Banking Reform, 1990-92

A fundamental reorganization of the banking sector took place between 1990 and 1992. The NBP lost all its central planning functions, including holding the accounts of state enterprises, making transfers among them, crediting their operations, and exercising financial control of their activities. The NBP thus became only a central bank, and state enterprises competed with other businesses for the scarce credits available from commercial banks. In its new form, the NBP exercised a considerable degree of autonomy in monetary policy and performed the same functions as the central banks in West European countries or the Federal Reserve System in the United States.

Nevertheless, the entire Polish banking system remained inefficient in the early 1990s because of backward banking technology and a very serious shortage of trained personnel in all branches. Considerable technical and financial aid from the World Bank, the IMF, and the central banks of Western countries was expected to improve the situation eventually.

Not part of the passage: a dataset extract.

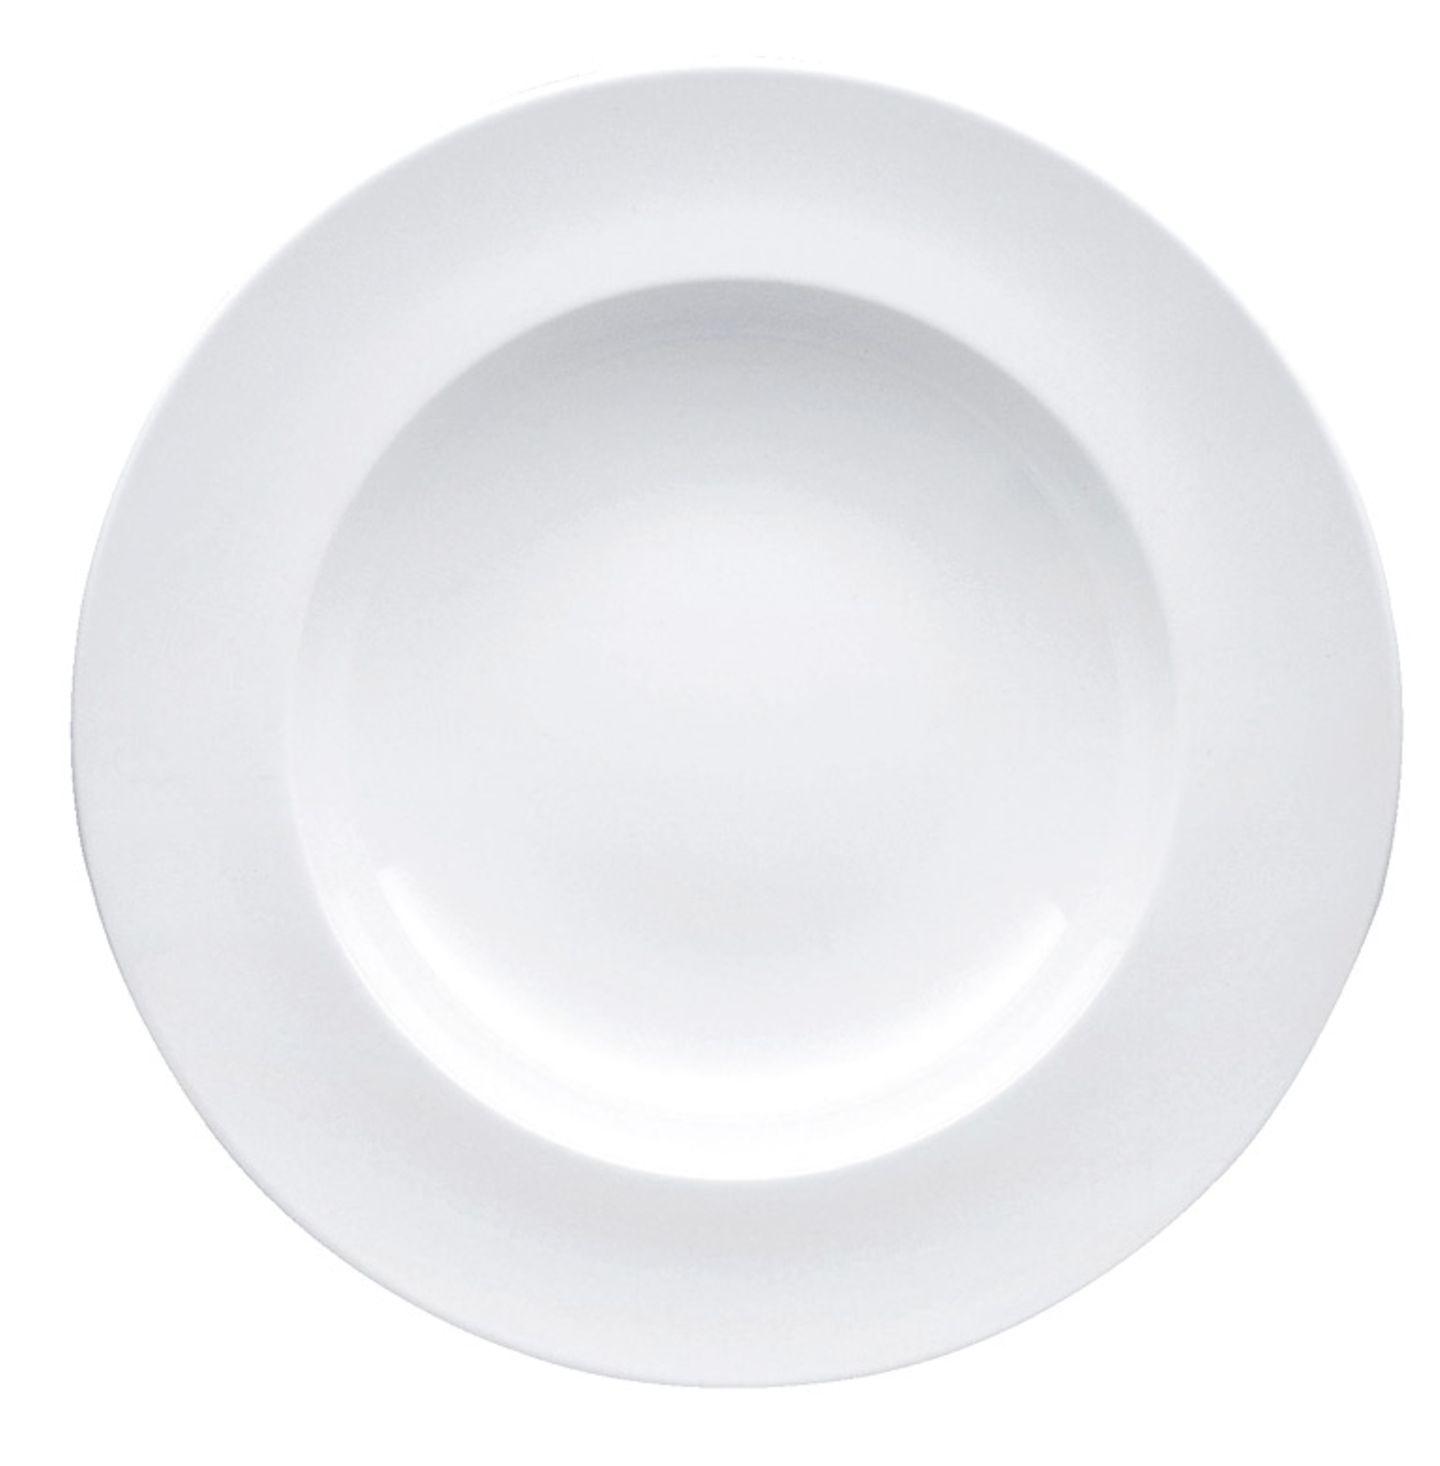 """Mediterrane Gastlichkeit: Pastateller """"Amici"""" von Rosenthal"""

Insurance and Securities Reform

In July 1990, the insurance system was reorganized. Abolished were the monopoly State Insurance Company, which had been responsible for all domestic insurance, and the Insurance and Reinsurance Company, which had been responsible for all foreign transactions. Domestic and foreign-owned private limited stock and mutual insurance companies were then allowed to begin operating. At the same time, procedures were introduced to maintain adequate financial reserves and legal protection for people and assets insured. At the end of 1991, twenty-two insurance companies were operating in Poland, six of which were foreign-owned.

In early 1991, important legislation was introduced to regulate securities transactions and establish a stock exchange in Warsaw. At the same time, a securities commission was formed for consumer protection. A year later, the shares of eleven Polish companies were being traded weekly on the new exchange. Restructuring the financial market not only was necessary for increasing the overall efficiency of the economy and accelerating privatization but also was a precondition for the rapid influx of Western capital critical to economic development.

New Financial Institutions

Several specialized financial institutions were established with direct or indirect help from the Polish government, international organizations, and foreign experts to facilitate economic restructuring. They include the Agency for Industrial Development, the Polish Development Bank, the Export Finance Insurance Corporation, the Enterprise Consulting Foundation, the Employment Fund, and a growing number of consulting firms. These institutions are expected to provide credit guarantees, help to establish new businesses, purchase a certain quantity of shares of the companies being converted to private enterprise, and facilitate leasing, financial restructuring, and bankruptcy processes. Some of the new institutions received designated funds from international financial organizations. The European Bank for Reconstruction and Development (EBRD) established a Joint Investment Fund in cooperation with the Polish Development Bank.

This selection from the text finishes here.